## What to produce
In your copy, leave out the pictures; write out all the data exactly.

## Dataset excerpt
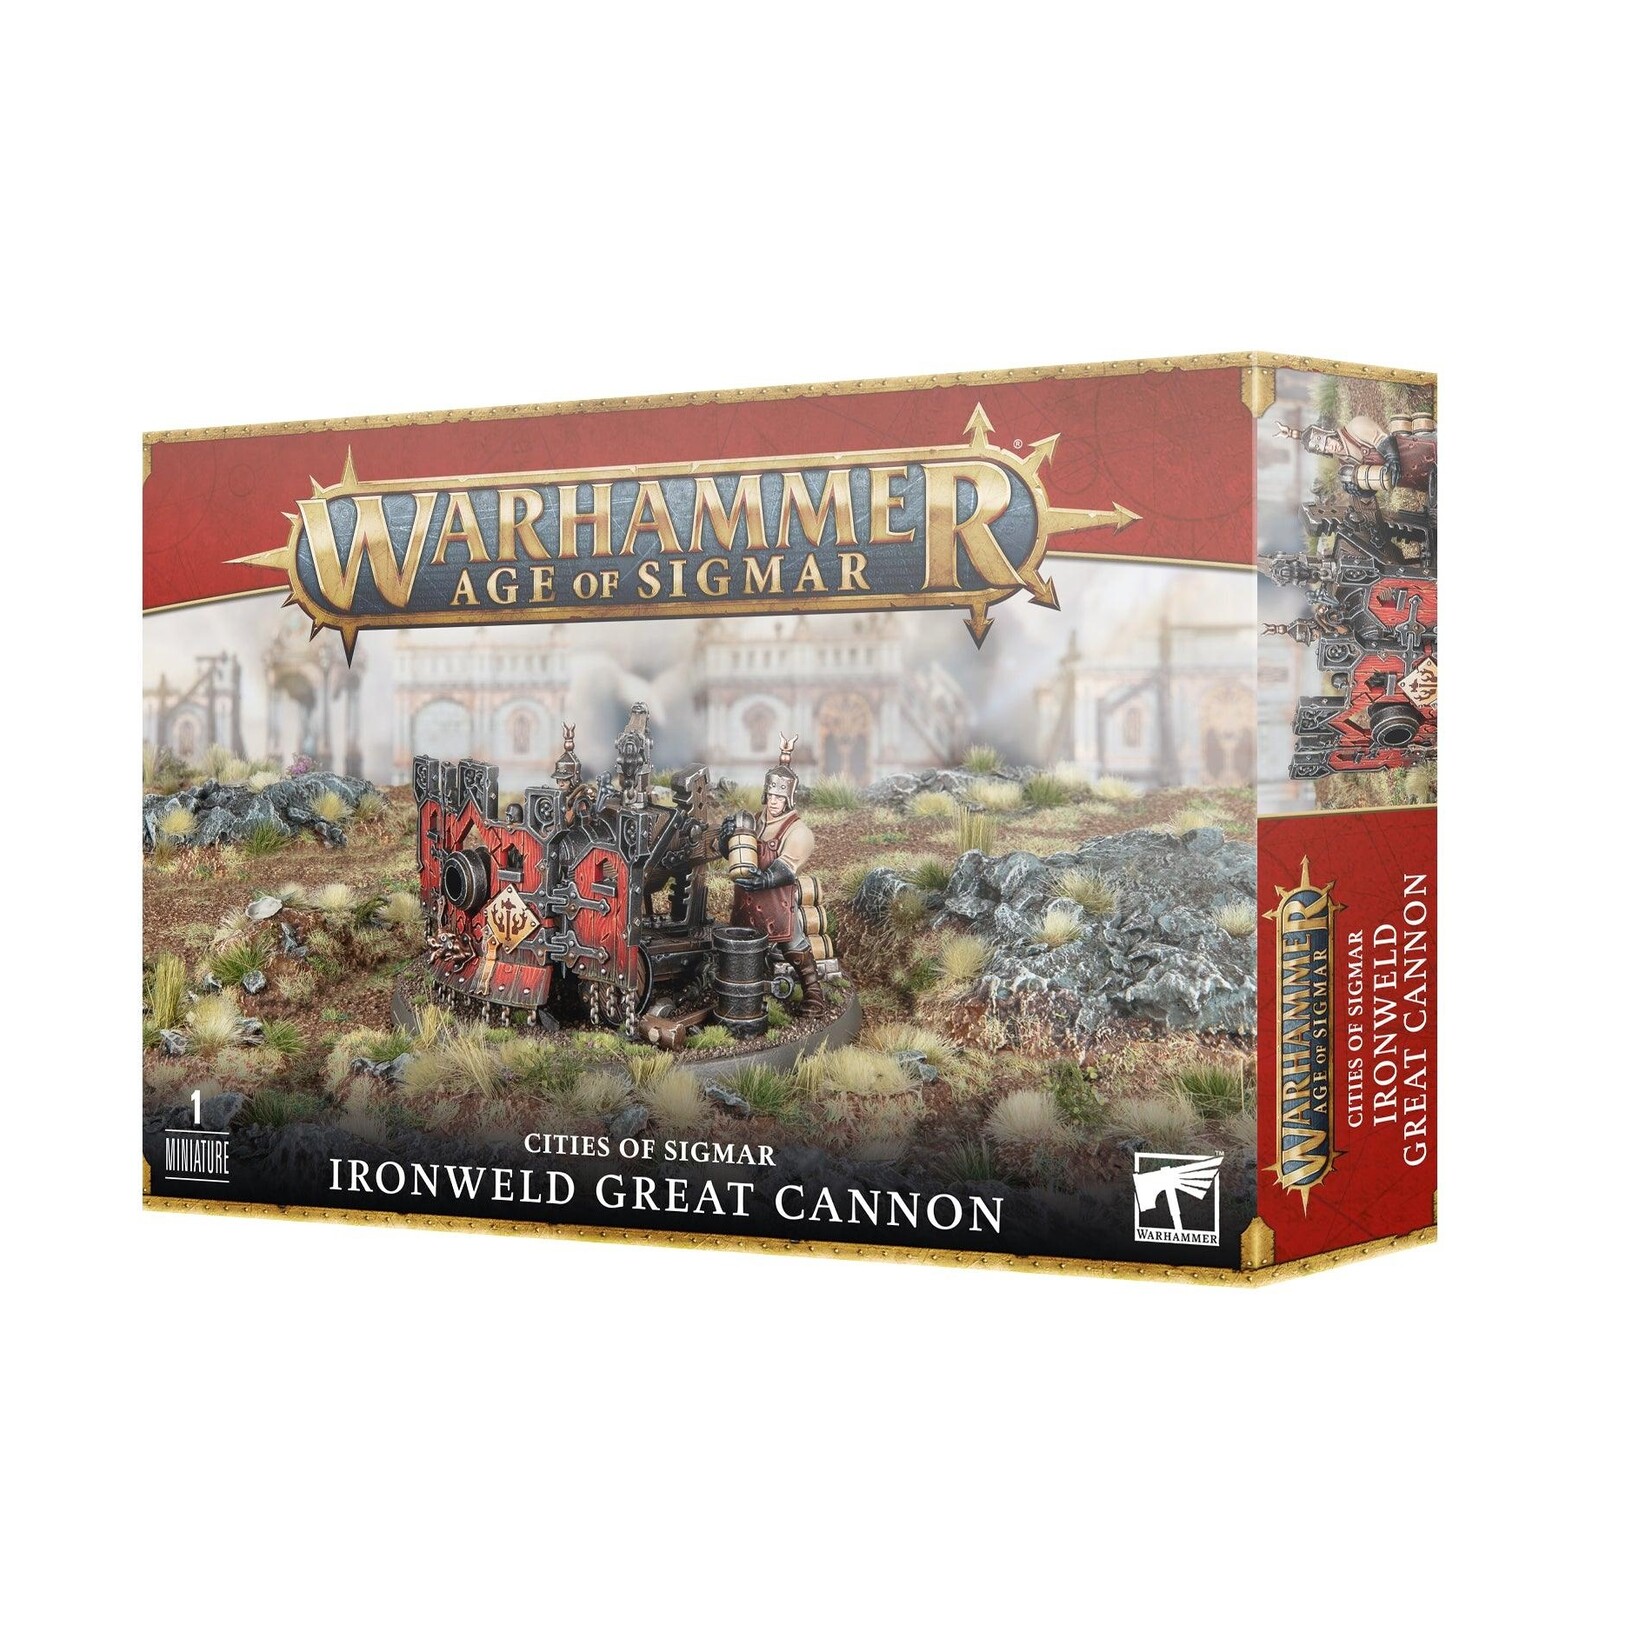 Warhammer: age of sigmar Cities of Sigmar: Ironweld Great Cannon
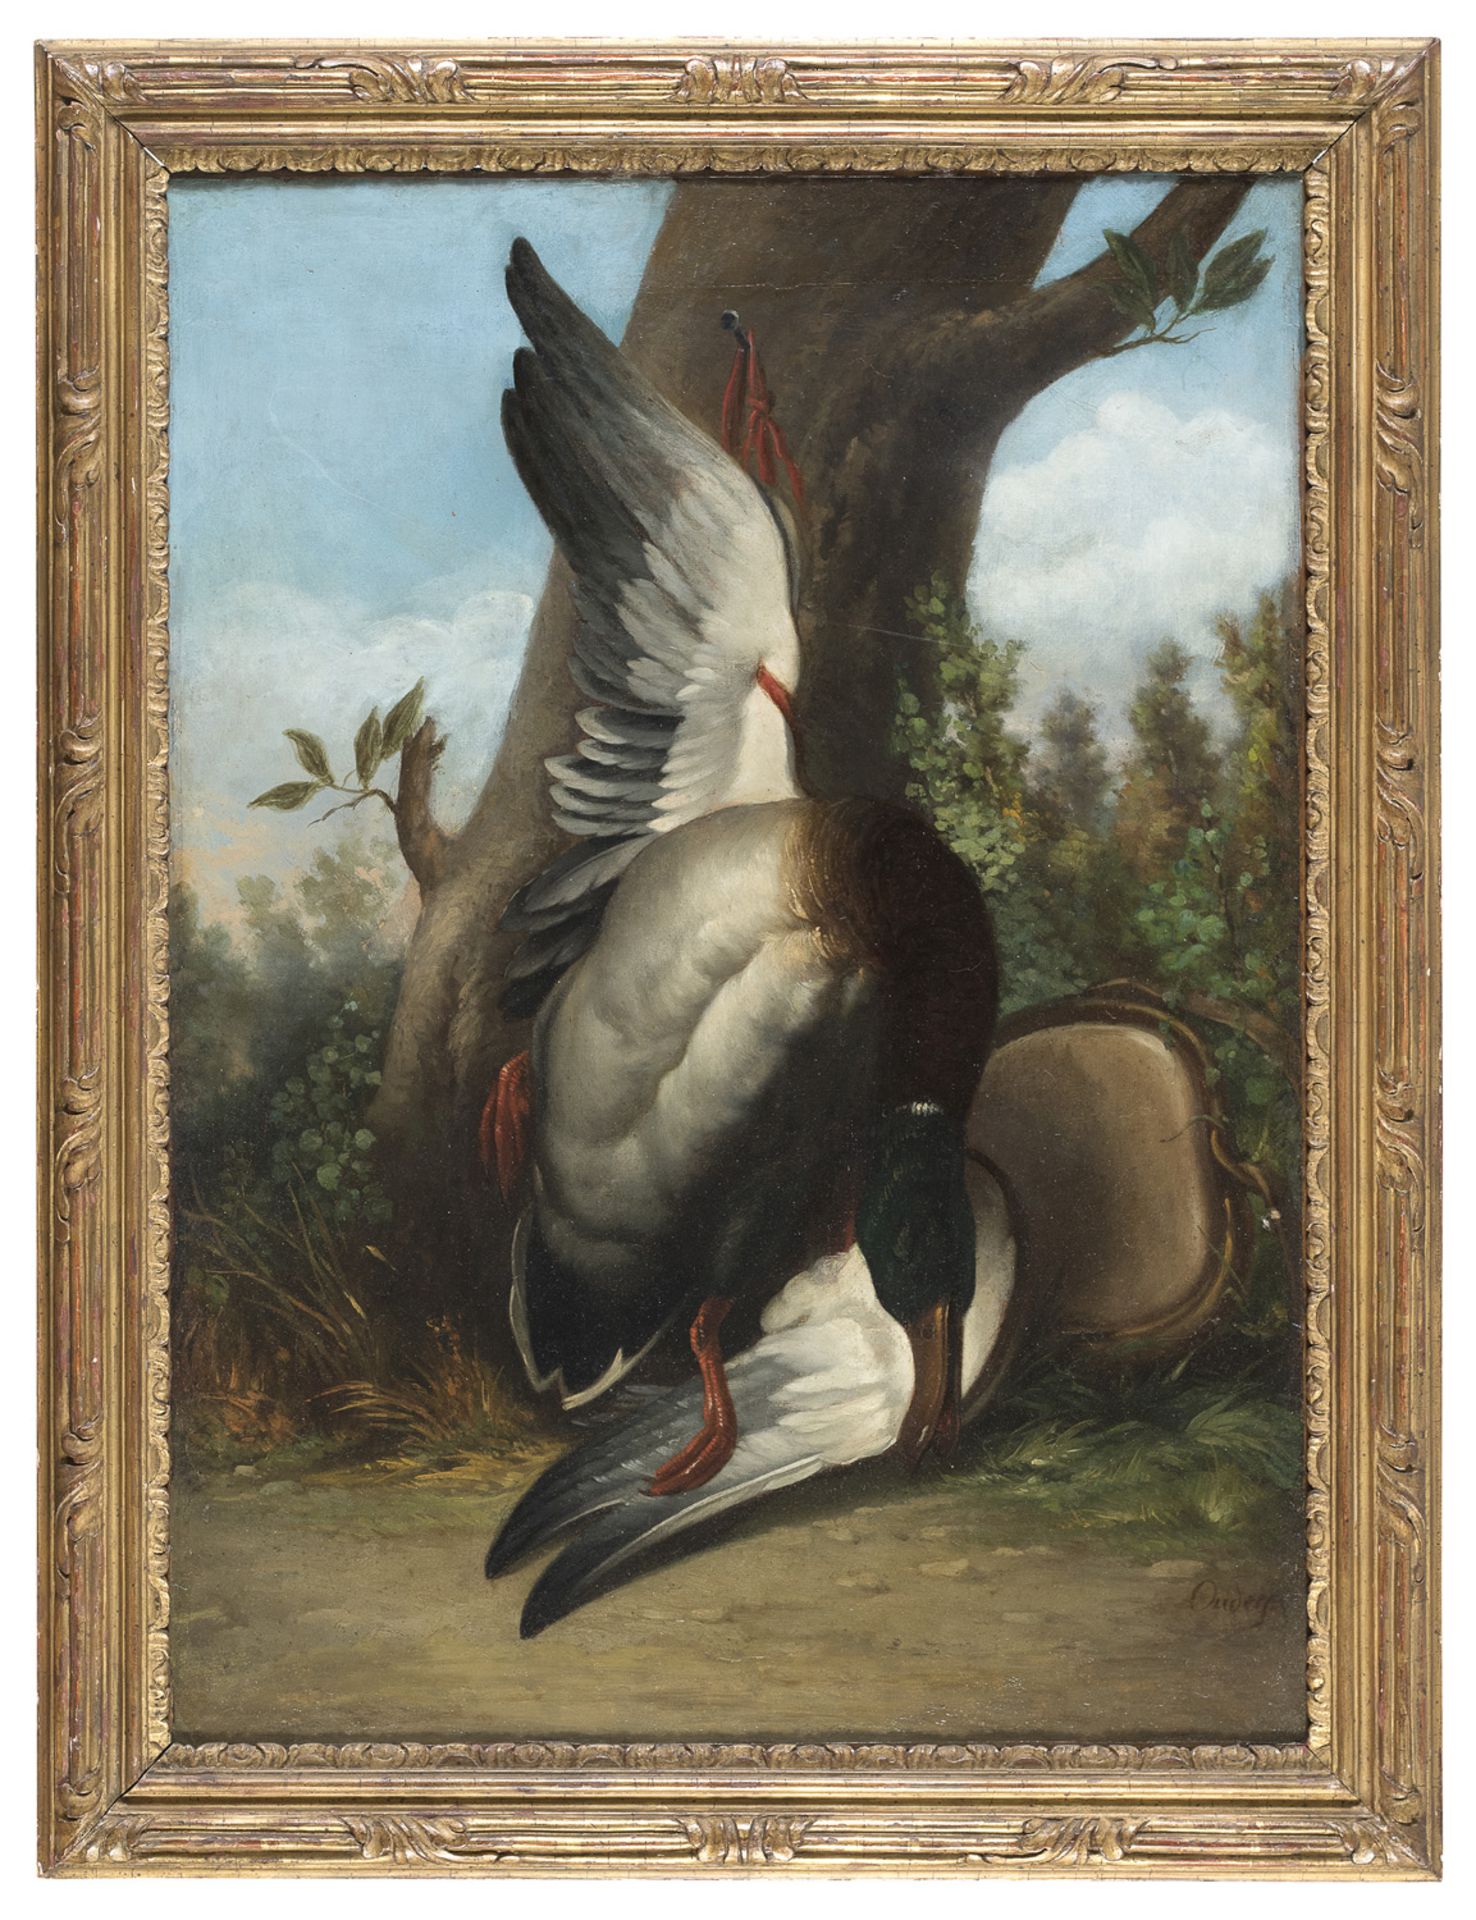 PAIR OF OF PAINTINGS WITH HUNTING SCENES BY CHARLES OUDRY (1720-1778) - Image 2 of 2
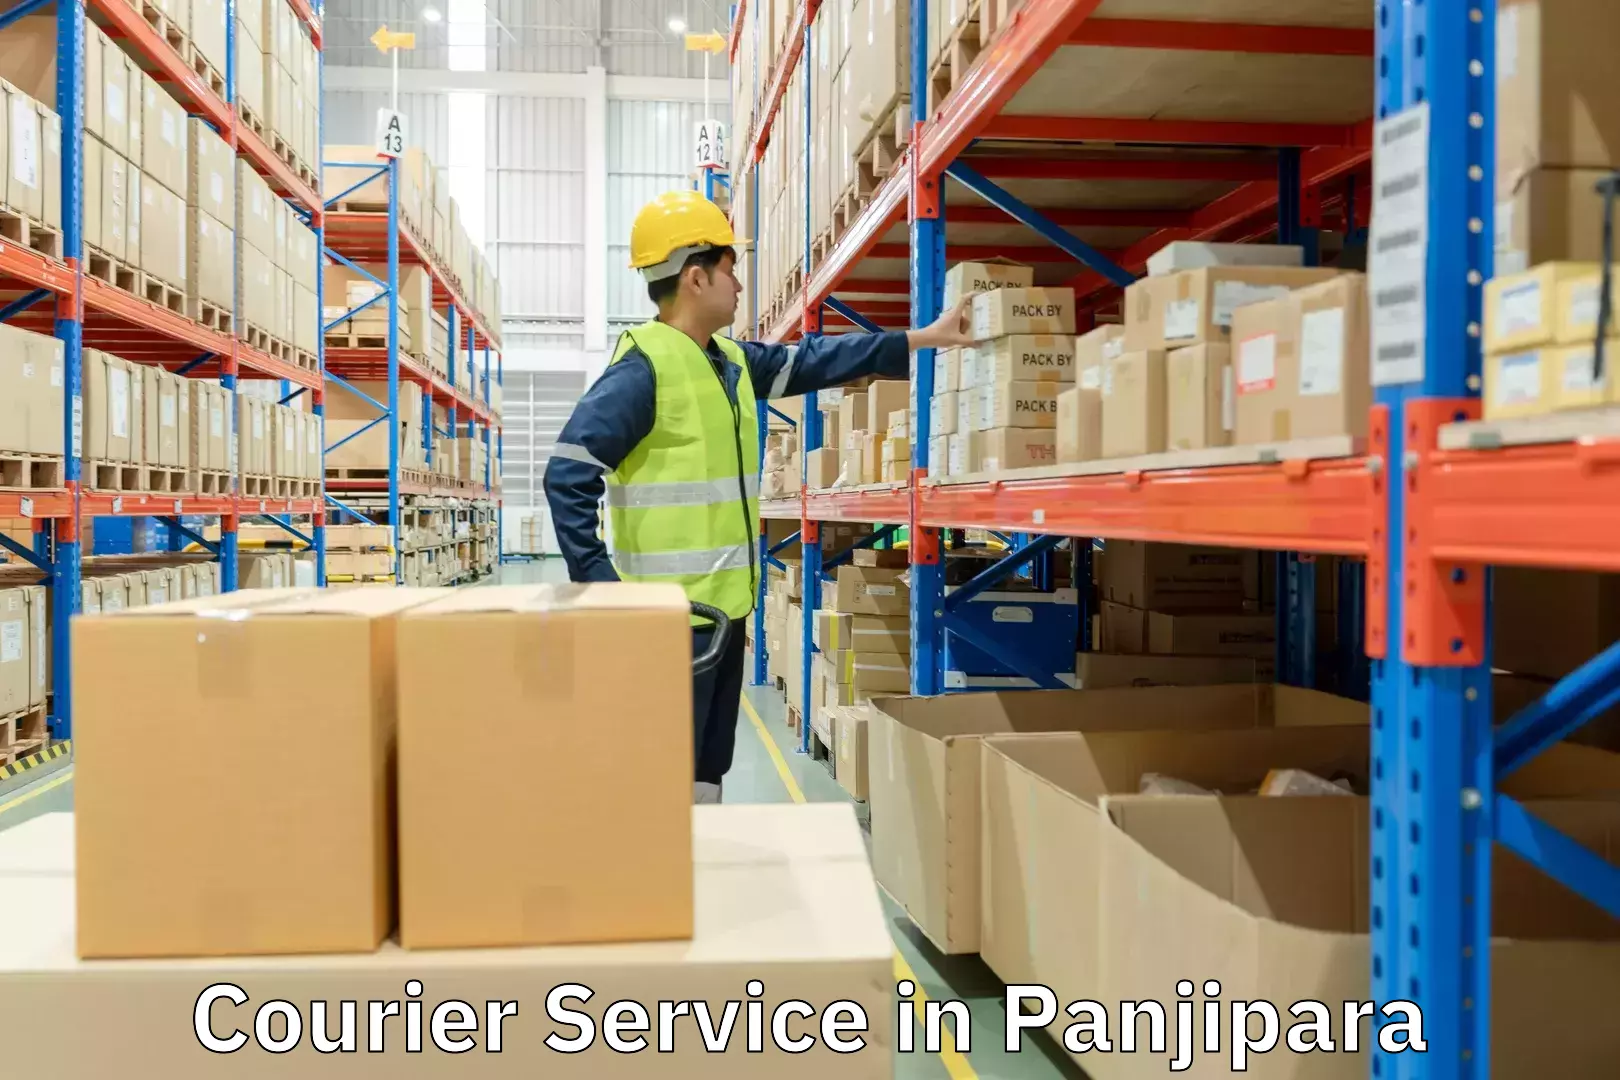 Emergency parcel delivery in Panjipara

## Answer to this exercise
 Warhammer: age of sigmar Cities of Sigmar: Ironweld Great Cannon
 PAIR OF OF PAINTINGS WITH HUNTING SCENES BY CHARLES OUDRY (1720-1778) - Image 2 of 2
 Emergency parcel delivery in Panjipara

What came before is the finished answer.